Directory containing YOLO model files. The detector attempts to load files in this order:
  1. YOLOv4: yolov4.weights, yolov4.cfg
  2. YOLOv3: yolov3.weights, yolov3.cfg
  3. HOG: Falls back to OpenCV’s built-in HOG detector if no YOLO files found
Also loads class labels from coco.names if available.
Model Loading Process:
  1. Attempts to load YOLOv4 weights and config from model_dir/
  2. If YOLOv4 not found, attempts YOLOv3
  3. If no YOLO files found, falls back to HOG descriptor
  4. Checks for CUDA GPU availability (uses GPU if available, CPU otherwise)
  5. Loads COCO class names from coco.names or uses defaults
  6. Sets up output layers for YOLO inference
Console Output:
Loading person detection model...
CUDA available, using GPU for inference
Model loaded: YOLOv4
Confidence threshold: 0.5
Person area threshold: 1000 pixels
Implementation: person_detector.py:11-100

Public Methods

detect_persons()

def detect_persons(
    self, 
    frame: cv2.typing.MatLike
) -> Tuple[bool, int, List[Tuple[int, int, int, int, float]]]
Detect persons in the provided frame using the loaded model. This is the primary method for person detection.
frame
cv2.typing.MatLike
required
OpenCV image matrix (BGR color format). Typically obtained from cv2.VideoCapture.read() or cv2.imread().Format: NumPy array with shape (height, width, 3)
Color space: BGR (OpenCV default)
Returns: Tuple[bool, int, List[Tuple[int, int, int, int, float]]]
has_person
bool
Whether at least one person was detected in the frame.
person_count
int
Total number of persons detected (after filtering by confidence and area thresholds).
boxes
List[Tuple[int, int, int, int, float]]
List of bounding boxes for detected persons. Each tuple contains:
Thread Safety: This method is thread-safe. It acquires an internal lock (self._inference_lock) to ensure only one thread performs inference at a time, as OpenCV DNN and HOG are not thread-safe.
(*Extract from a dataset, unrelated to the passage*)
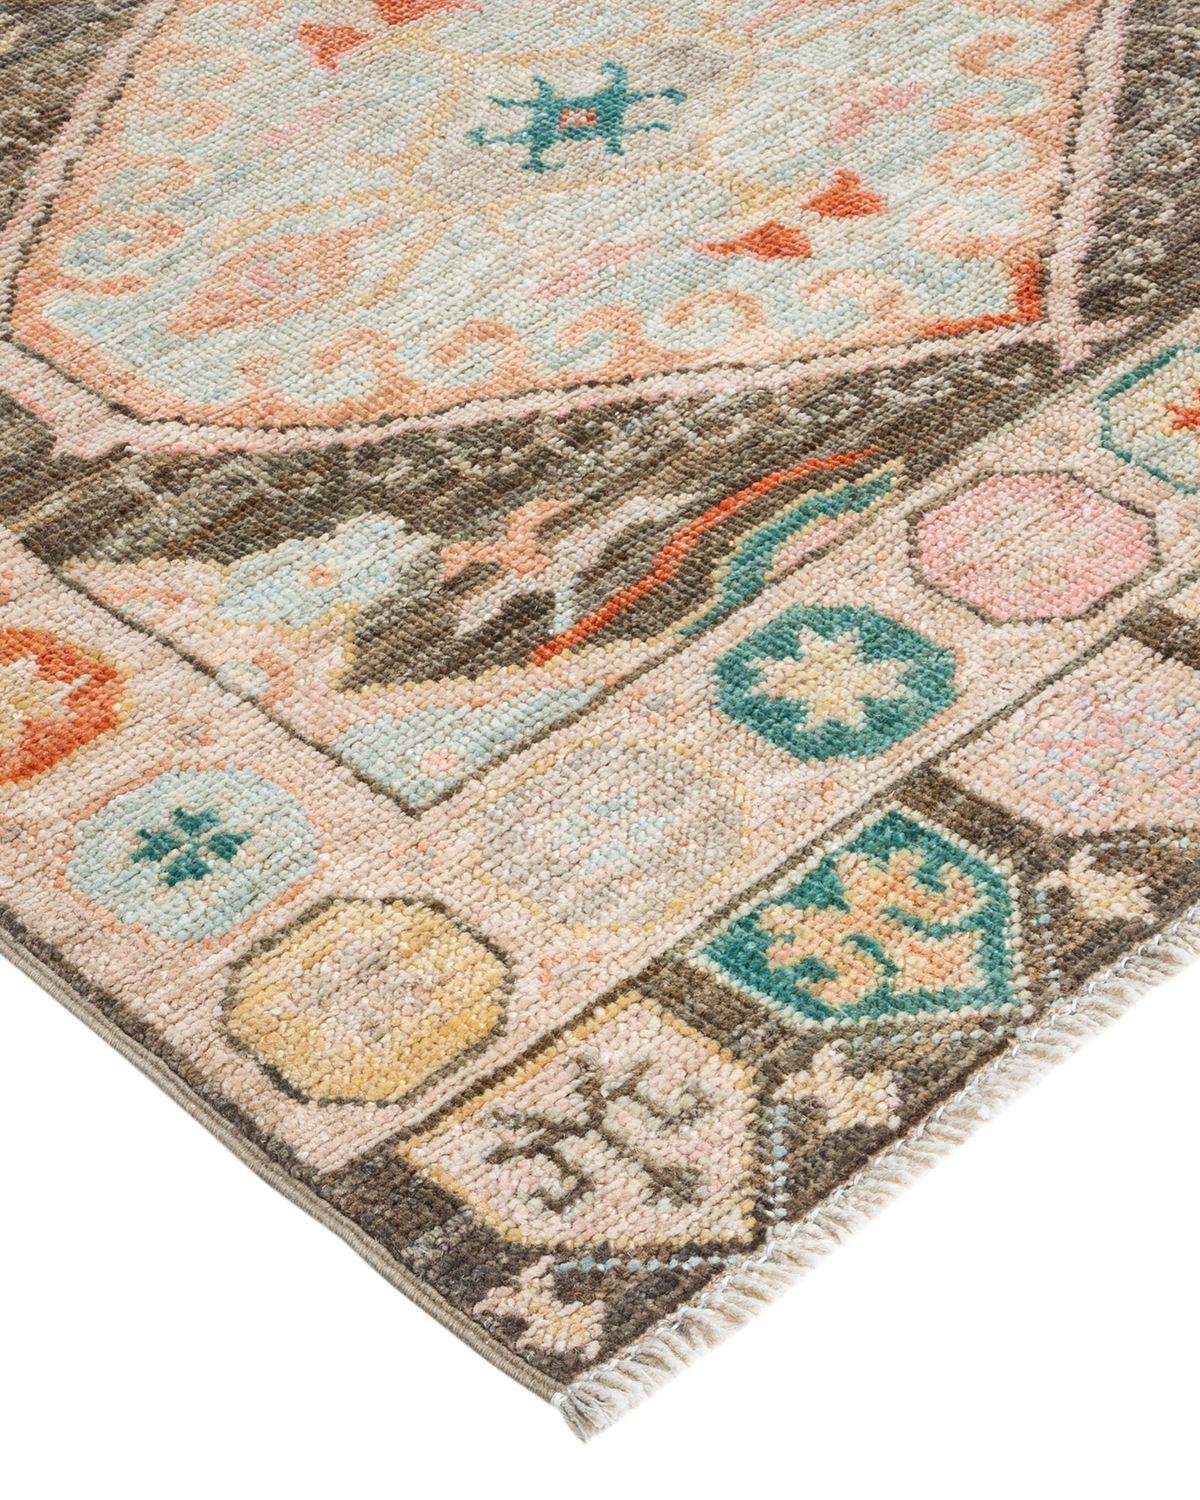 The rich textile tradition of western Africa inspired the Tribal collection of hand knotted rugs. Incorporating a medley of geometric motifs, in palettes ranging from earthy to vivacious, these rugs bring a sense of energy as well as plush texture

Usage Example:
import cv2
from person_detector import PersonDetector

detector = PersonDetector(
    confidence_threshold=0.6,
    person_area_threshold=1500
)

# From video stream
cap = cv2.VideoCapture('rtsp://camera.local/stream')
ret, frame = cap.read()

if ret:
    has_person, person_count, boxes = detector.detect_persons(frame)
    
    print(f"Detected: {person_count} person(s)")
    
    for x, y, w, h, confidence in boxes:
        print(f"Person at ({x}, {y}), size {w}×{h}, confidence {confidence:.2f}")
        cv2.rectangle(frame, (x, y), (x + w, y + h), (0, 255, 0), 2)
Multi-threading Example:
import threading
from person_detector import PersonDetector

# Single detector instance shared across threads
detector = PersonDetector()

def process_stream(stream_id, rtsp_url):
    cap = cv2.VideoCapture(rtsp_url)
    while True:
        ret, frame = cap.read()
        if ret:
            # Thread-safe: internal lock ensures serial inference
            has_person, count, boxes = detector.detect_persons(frame)
            print(f"[Stream {stream_id}] Detected {count} person(s)")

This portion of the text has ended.